Несколько раз вновь наполнялись чаши вином, пока Палак не вспомнил об агарском князе Бораке. Наконец махнул рукой:
– Пусть войдет прибывший!
Как ни были пьяны пирующие, но все услышали этот приказ и уставились глазами на входящего агара.
Высокий, видный Борак выглядел настоящим гордым племенным вождем-воеводой, поражал своей осанкой и открытым благородным взглядом. Спокойно и неторопливо вошел он в зал и направил орлиный взгляд прямо в сторону царя. Также не спеша отвязал от пояса меч и, взяв его за ножны, протянул к ногам Палака.
– Великий и славный царь сколотов! Агарские роды пришли к тебе с покорностью и просят взять их под свою высокую руку, просят дать им место для пастьбы скота и готовы выполнить волю твою во всем, что найдешь нужным!
С этими словами он положил меч у ног Палака, но сам на колени не упал, а только поклонился, коснувшись пола пальцами правой руки.
Все замолчали.
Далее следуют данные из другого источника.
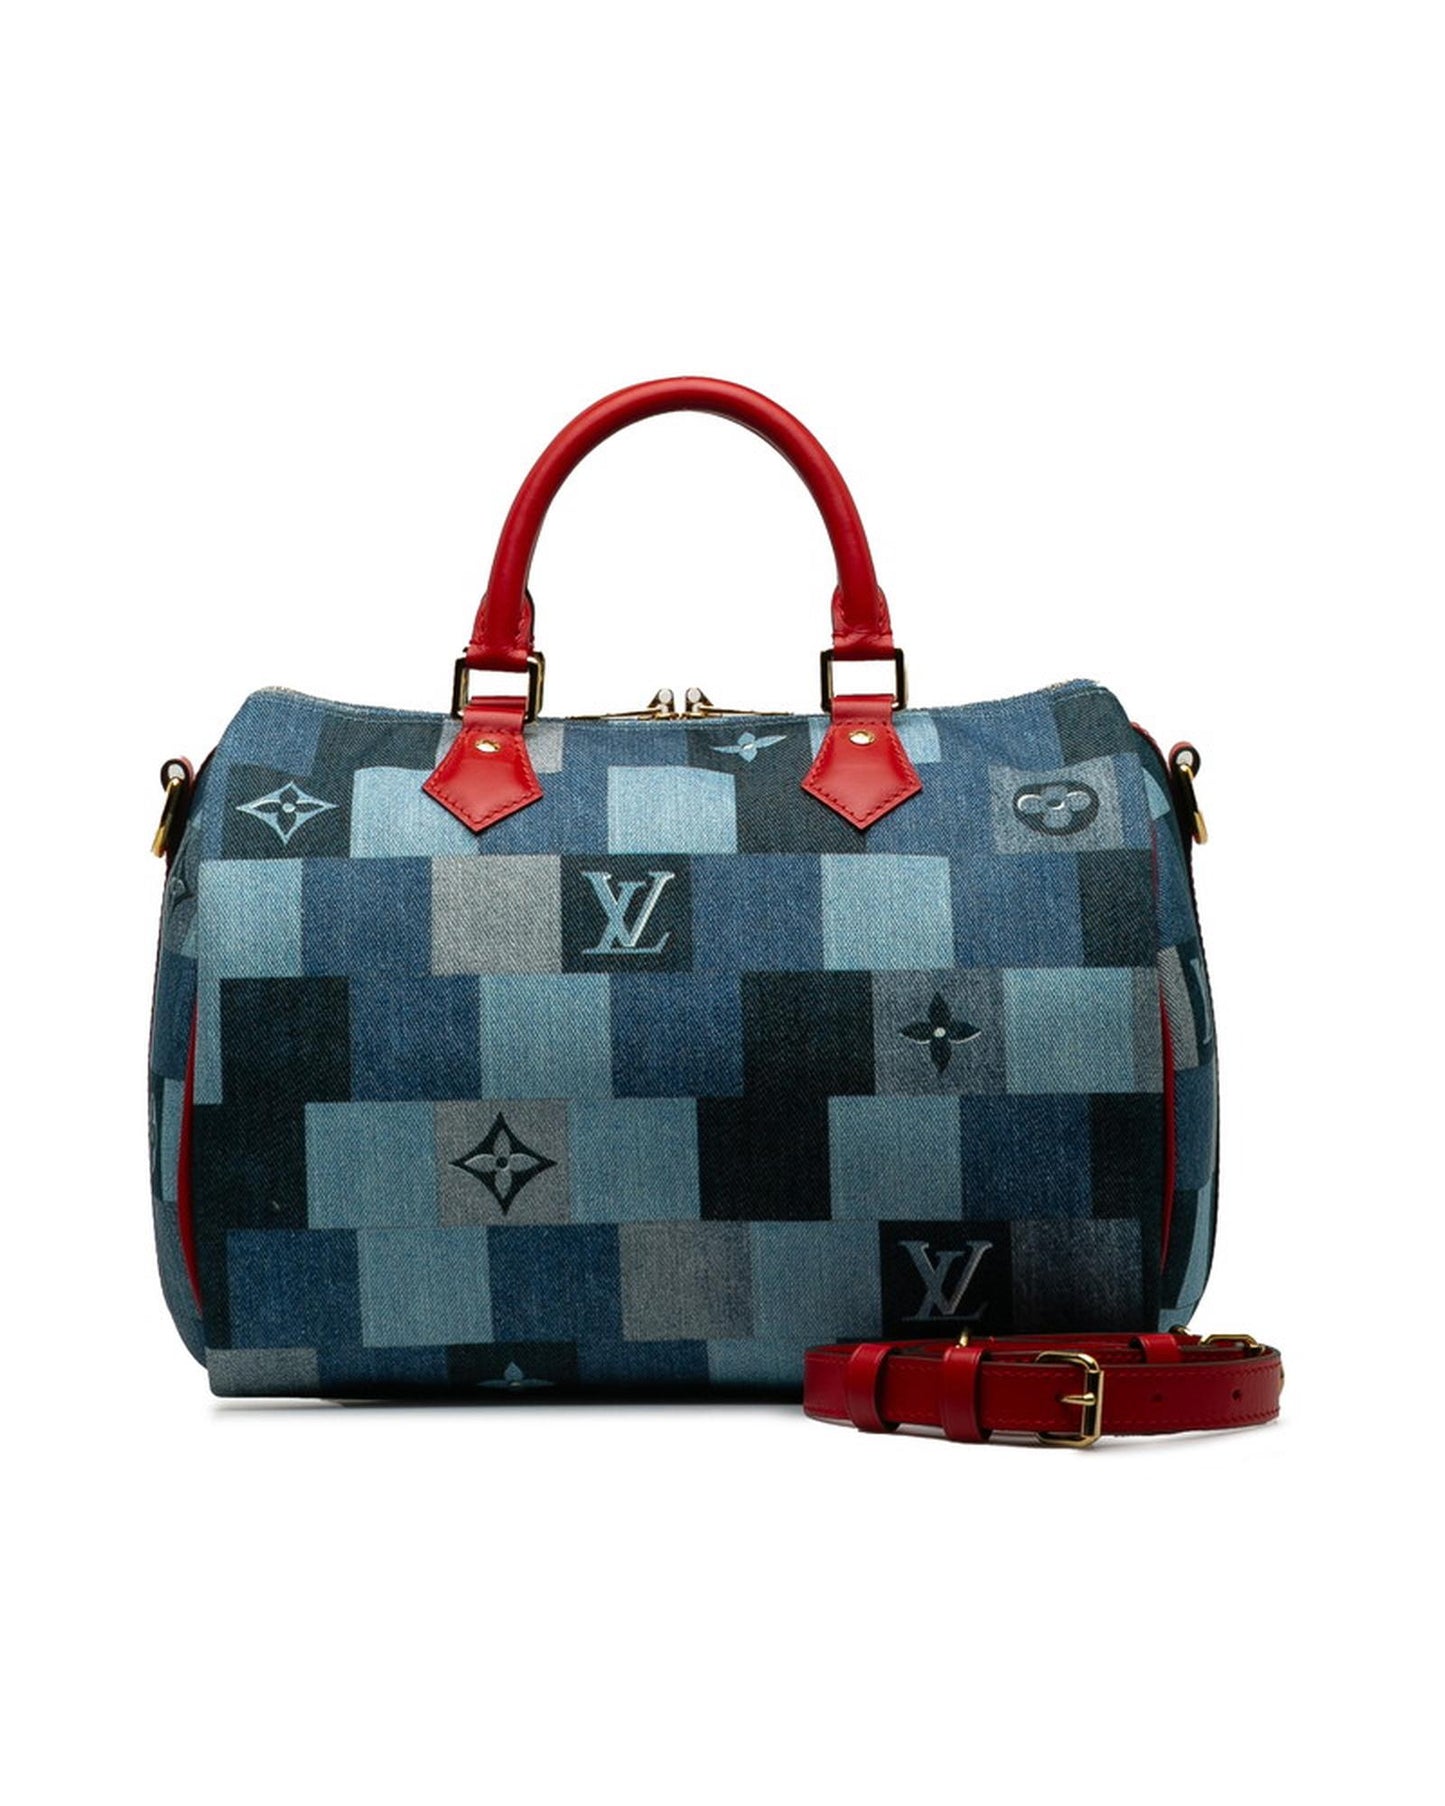 Louis Vuitton Women's Monogram Denim Speedy Bandouliere 30 Bag in A Condition in Blue

Лимнак опустил свою кифару.
– Разреши, великий царь, войти моим родовым старейшинам и внести наши подарки тебе!
Некоторые из князей сдержанно зашумели, недовольные тем, что агар хочет ввести на княжеский пир каких-то старейшин.
– Разрешаю, – ответил царь.
Старики с белыми бородами и храбрейшие богатыри агарских родов вошли дружной толпой, все в алых кафтанах, подтянутые и по-молодецки ловкие. Они поклонились Палаку в пояс и стали передавать из рук в руки подарки.
Скоро у ног царя образовалась целая куча дорогого оружия, серебряной посуды, расшитых узорами покрывал, ожерелий, поясов, сверкающих камнями.
Подарки были очень хороши и сказочно богаты. Все поняли, что агары не бедные родственники. Их решительный и воинственный вид, хорошо подогнанное вооружение говорили о привычке применять меч в защиту своей чести и достояния.
Если кто думал, что агары прибудут к Палаку полуголые и голодные, ограбленные аланами и приниженные роксоланами, теперь убедился в ином. Агарские роды пришли в Скифию полные сил, богатые скотом и готовые защитить себя от кого бы то ни было.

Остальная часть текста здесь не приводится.